Dal 2001 il loro numero è iniziato a decrescere e le modalità del rapimento e della costrizione sono meno presenti. Inoltre, si è ridotta l’incidenza della tratta internazionale mentre è aumentata quella regionale e lo sfruttamento della prostituzione nel paese; così come è aumentato il coinvolgimento delle donne nel reclutamento e nello sfruttamento. Tuttavia, nonostante cambino gli scenari e le modalità di realizzazione del fenomeno, le ragazze albanesi delle aree più marginali, ancora strette in una vita inaccettabile, continuano a portare in viaggio i propri sogni di cambiamento, a qualunque costo. 

 

Per concludere

La tratta configura una molteplice relazione di potere che non può essere spezzata definitivamente se anche solo un lato di questo “cubo magico” non viene smontato. Prima di tutto viene la relazione di potere fra uomo e donna, che fa sì che la stragrande maggioranza di persone che comprano servizi sessuali nel mondo sia costituita da uomini. E poi ci sono i capisaldi patriarcali che legittimano questa domanda maschile anche nelle situazioni più vergognose come quella appena descritta. E la mancanza di potere sociale ed economico delle donne, che per inseguire un’opportunità di cambiamento usano quella che a volte diventa la loro unica risorsa: il corpo. E, infine, la relazione tra Nord e Sud del mondo: nel mondo preso nel suo insieme e nello stesso Nord, tra nativi/e e migranti o “clandestini”.
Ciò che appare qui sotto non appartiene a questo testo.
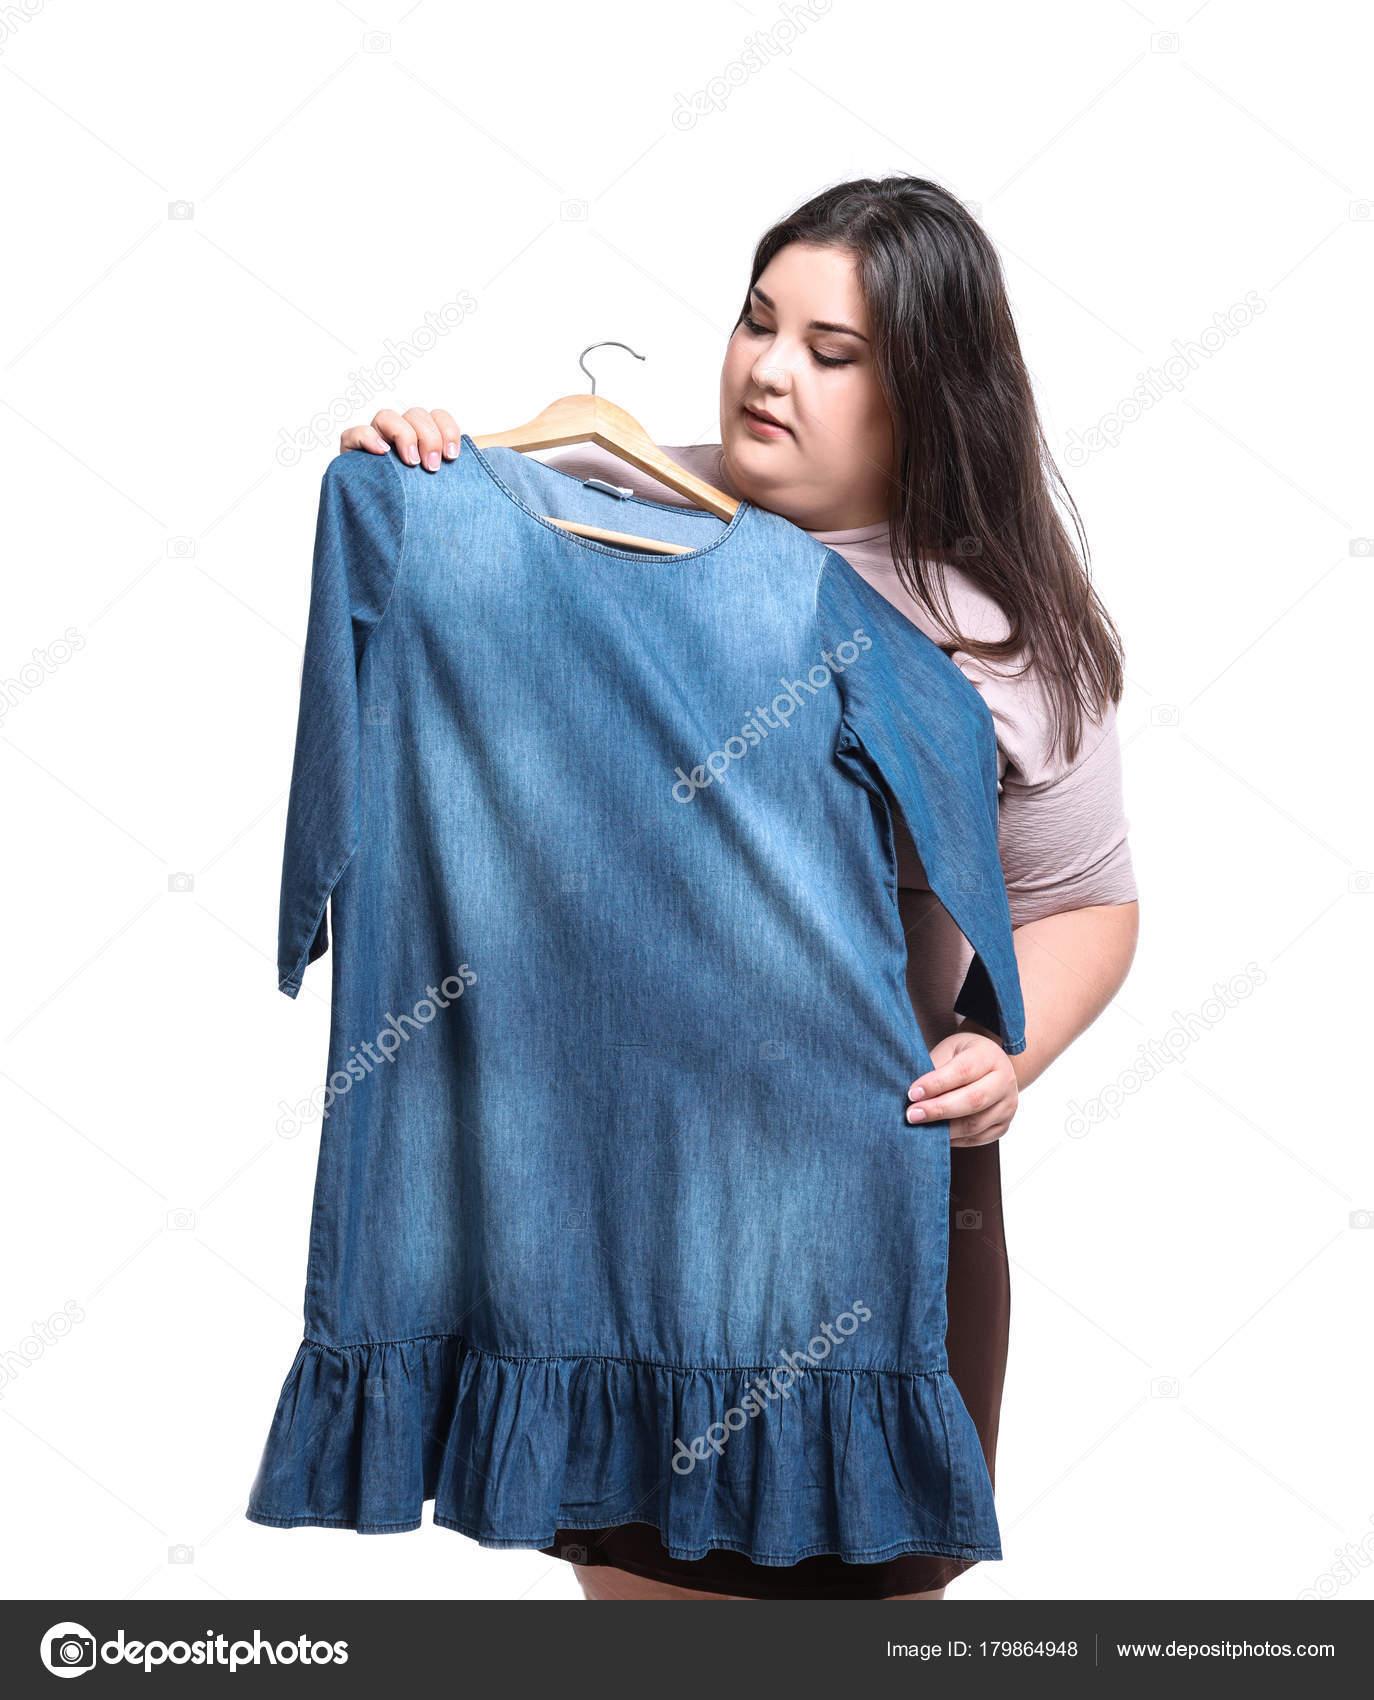 Vestidos de jeans para gordas

Sono nodi di potere che è inevitabile sciogliere se si vuole pensare ad un futuro nel quale il fenomeno tramonti. Tutto quello che nel frattempo possiamo fare – legislazioni adeguate, misure di contrasto all’interno dei paesi e a livello trasnazionale, “buone pratiche” di lavoro sociale con le vittime nei paesi di destinazione e/o nei paesi di origine e di rientro, ecc. – è un contributo a contenere il numero delle vittime e a ridurre o “riparare” il danno che l’esperienza di tratta ha avuto e può avere nelle loro vite. È un contributo essenziale ma, qualora si accompagni alla negazione dell’immensa drammaticità del tutto, diventa solo ipocrisia.